Task.
Quote exactly the lines from the one with "П. Порошенко представил" to the end of the data, both included; omit the pictures.

Data extract.
►
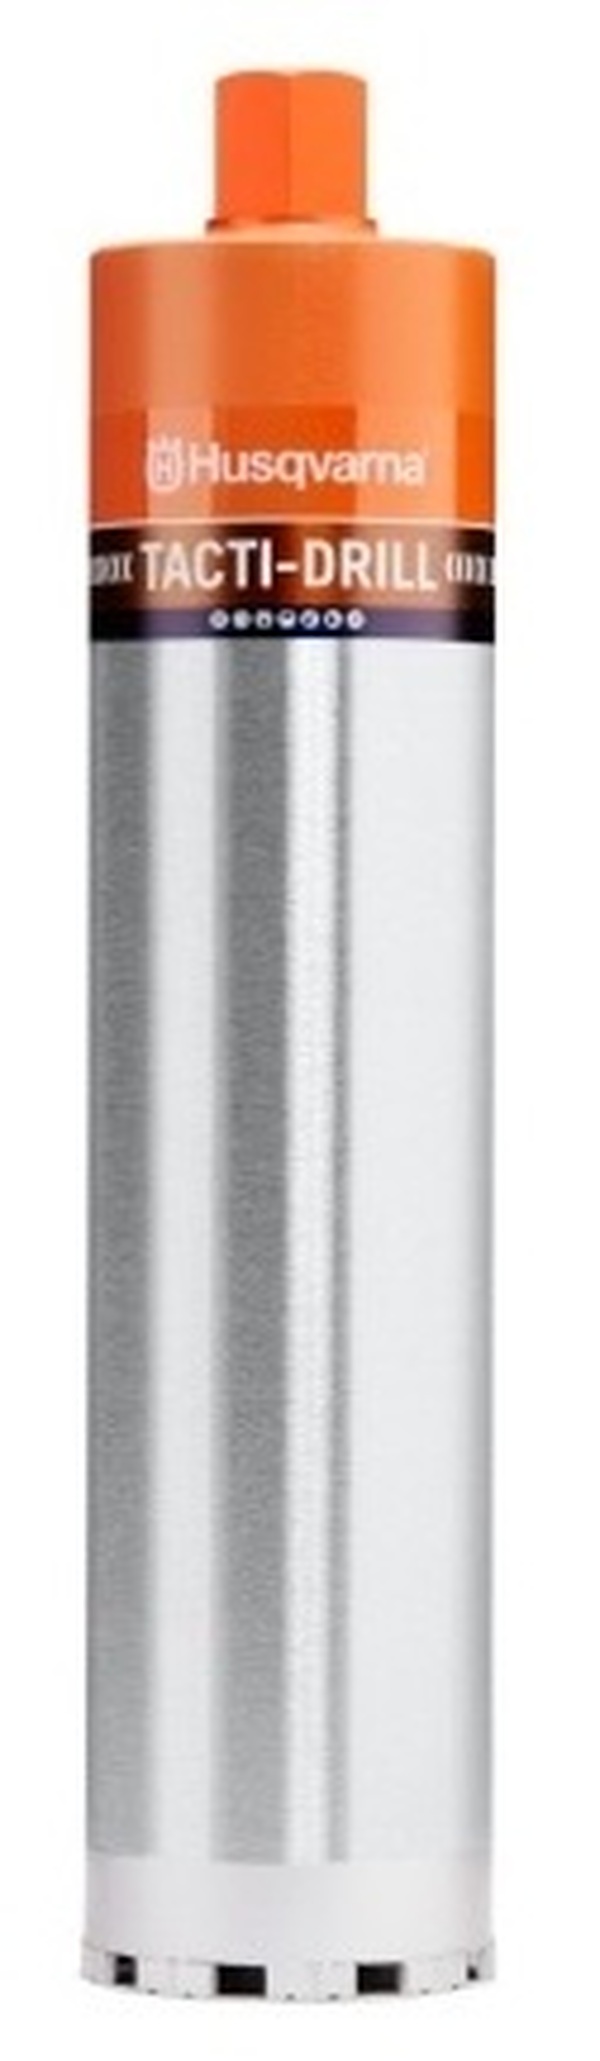 Коронка алмазная Husqvarna Tacti-Drill D20 250 11/4 5820788-01
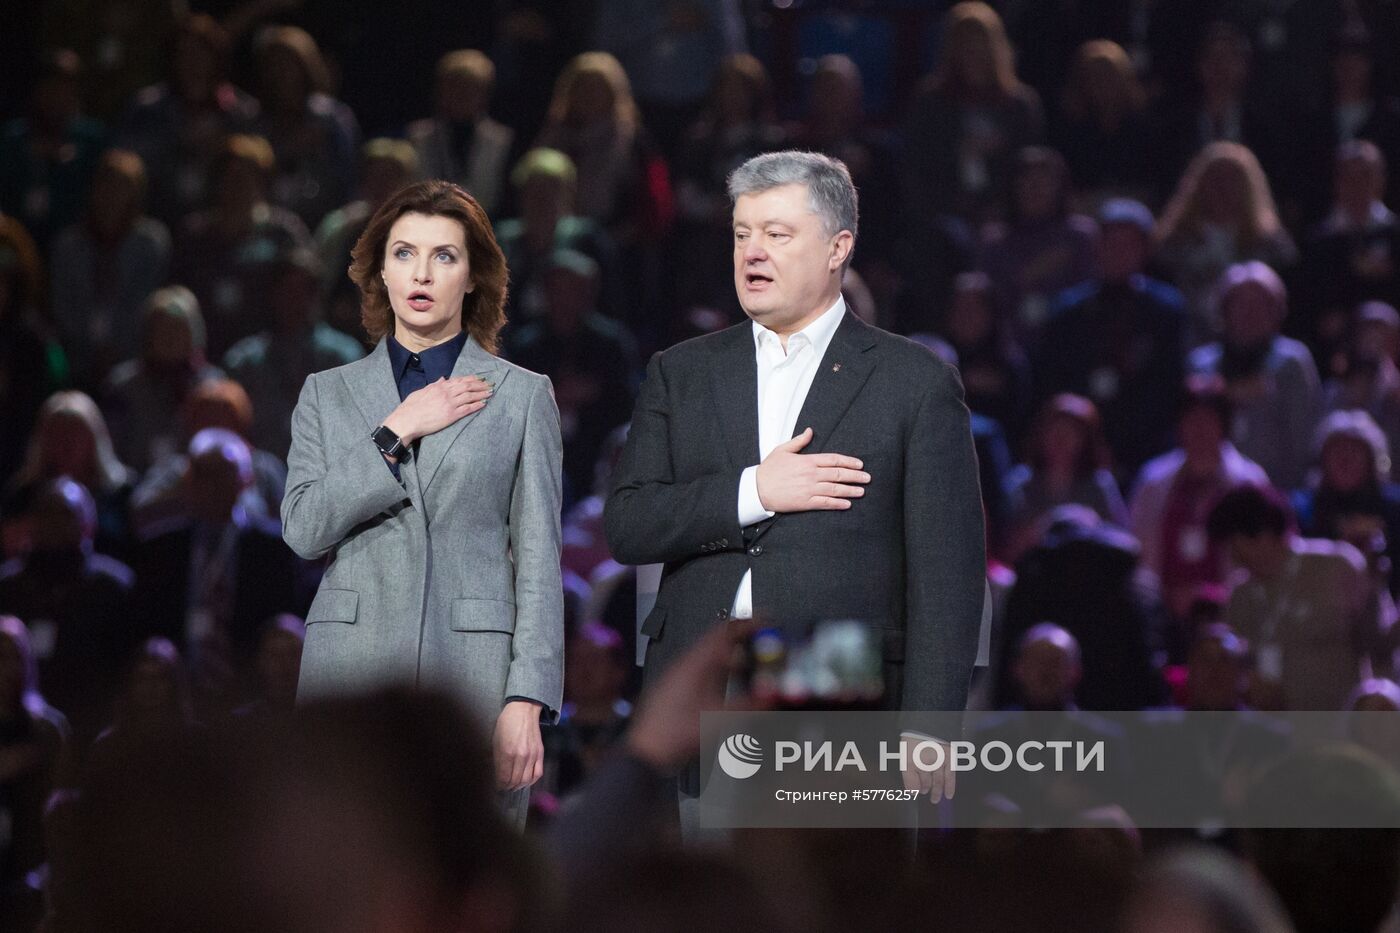 П. Порошенко представил предвыборную программу
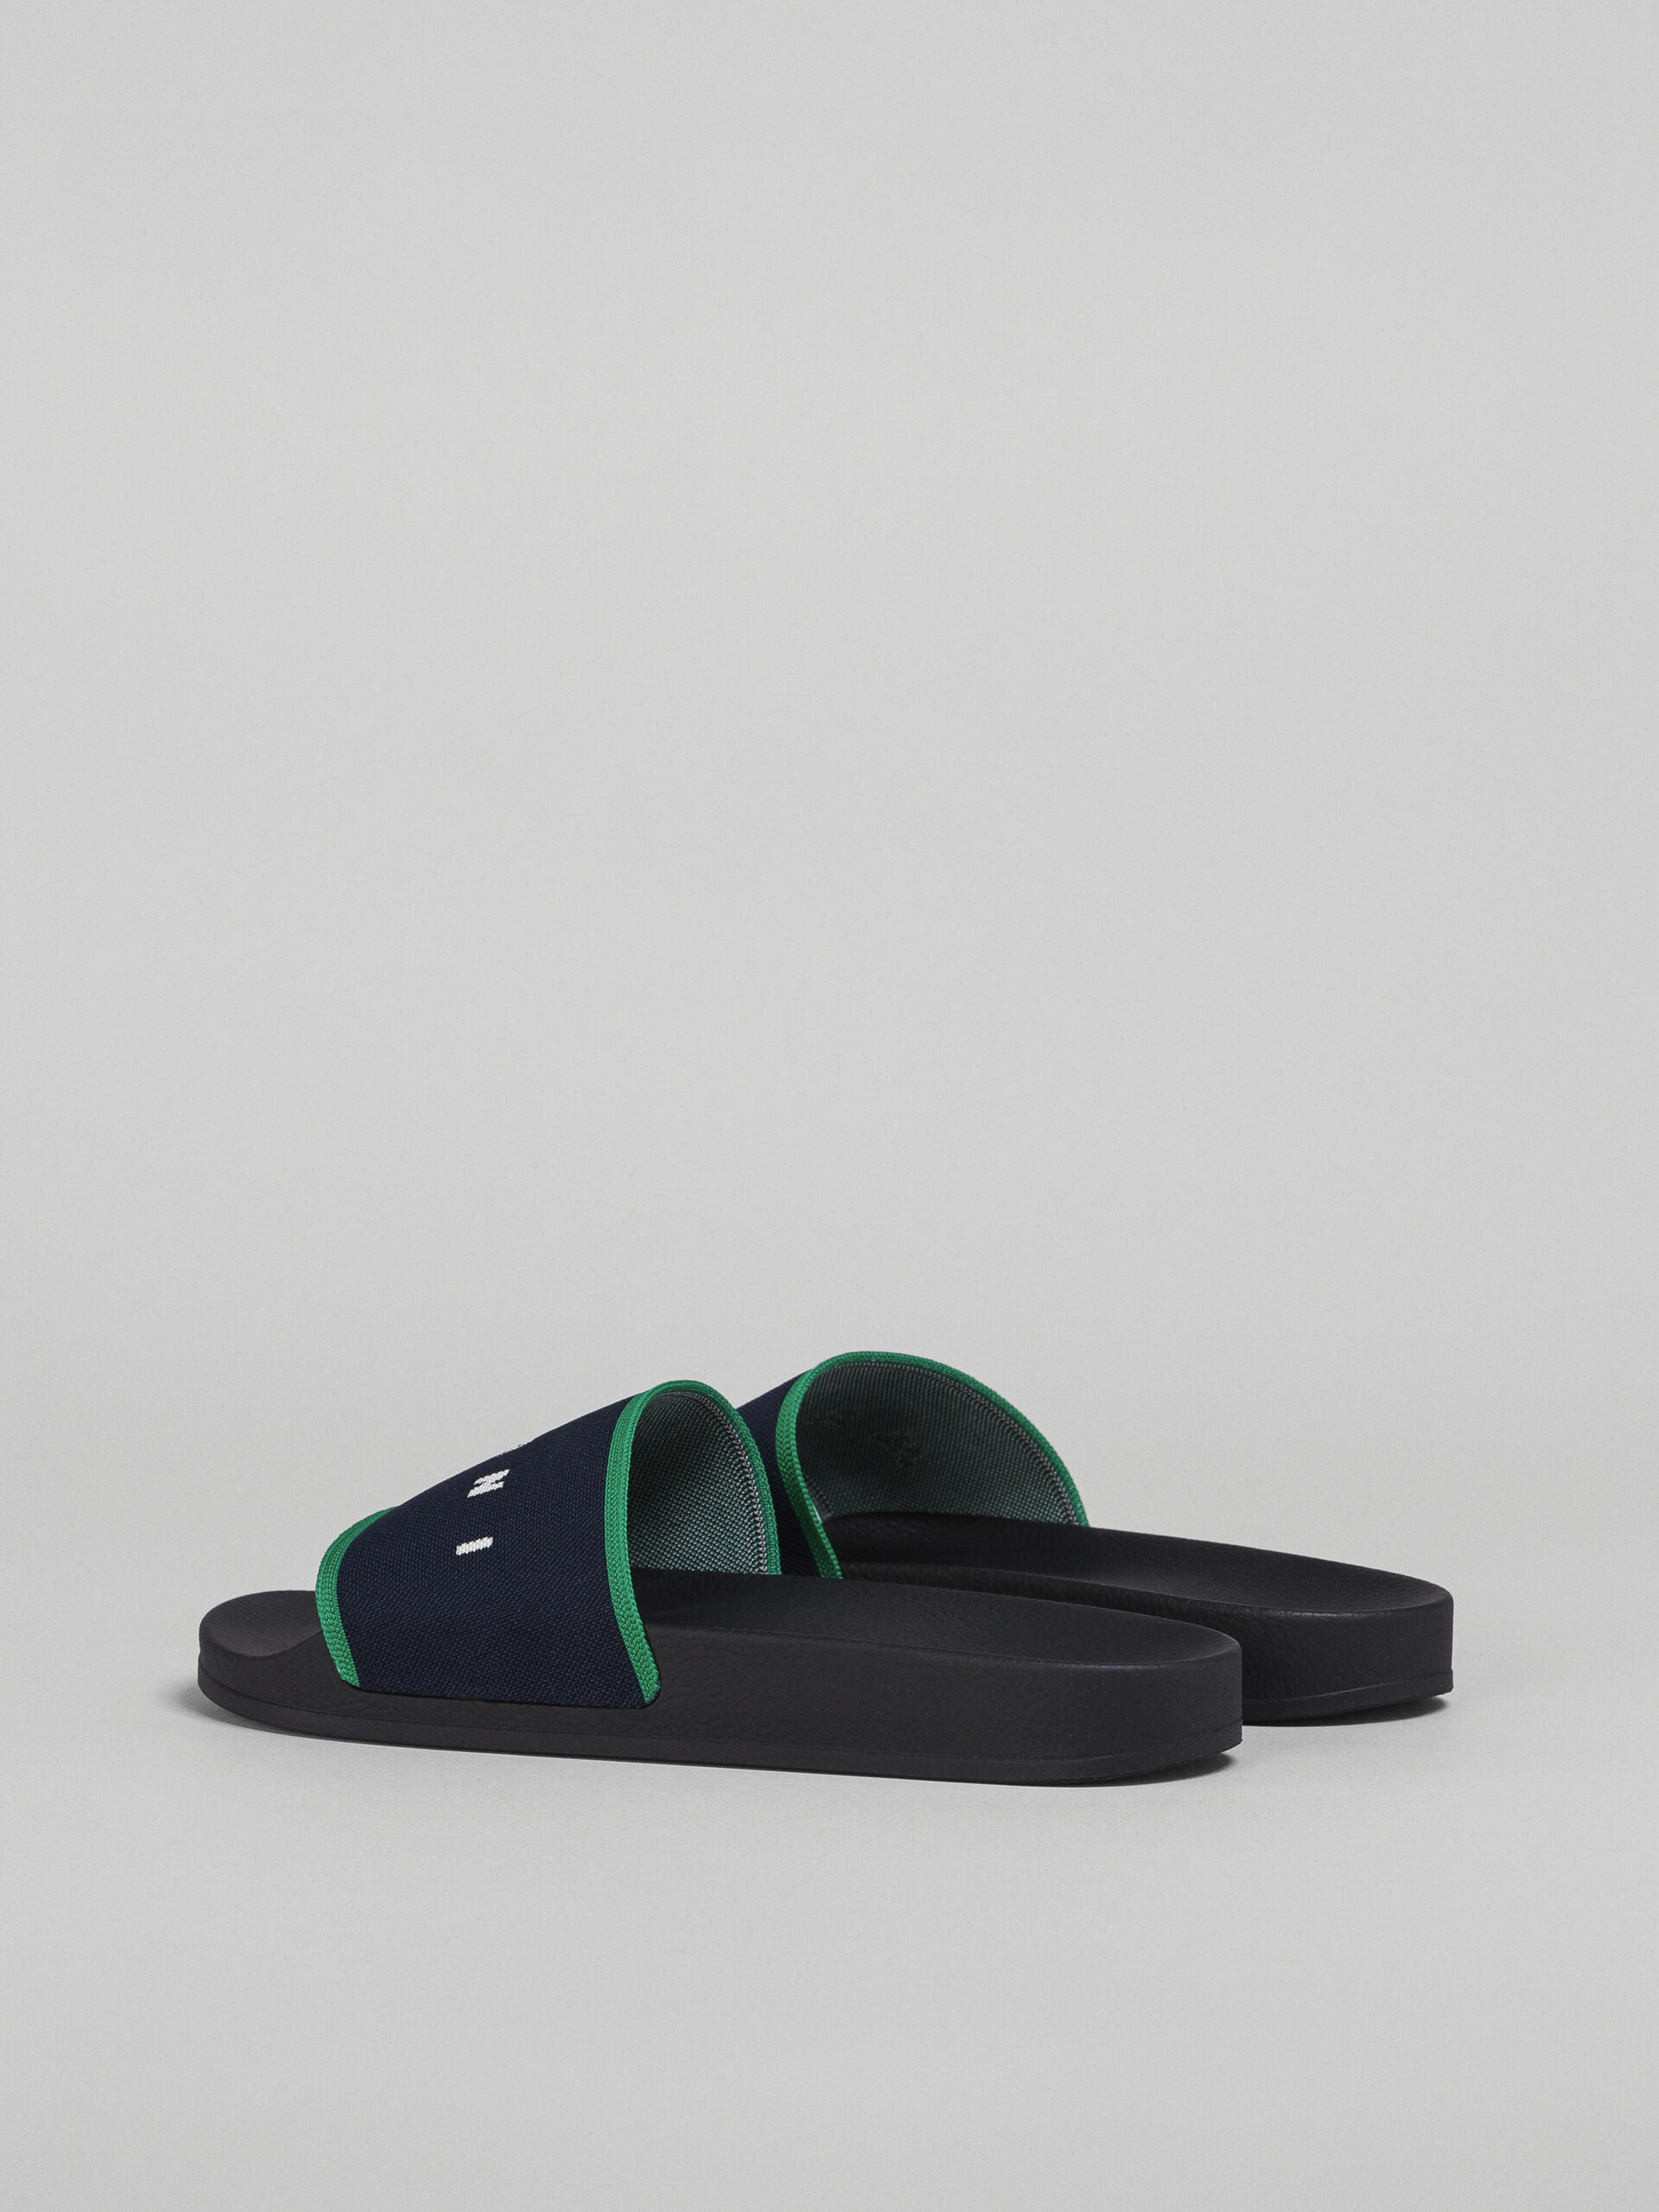 Blue black logo jacquard rubber slide - Sandals - Image 3
◄
Solution for this problem.
 П. Порошенко представил предвыборную программу
 Blue black logo jacquard rubber slide - Sandals - Image 3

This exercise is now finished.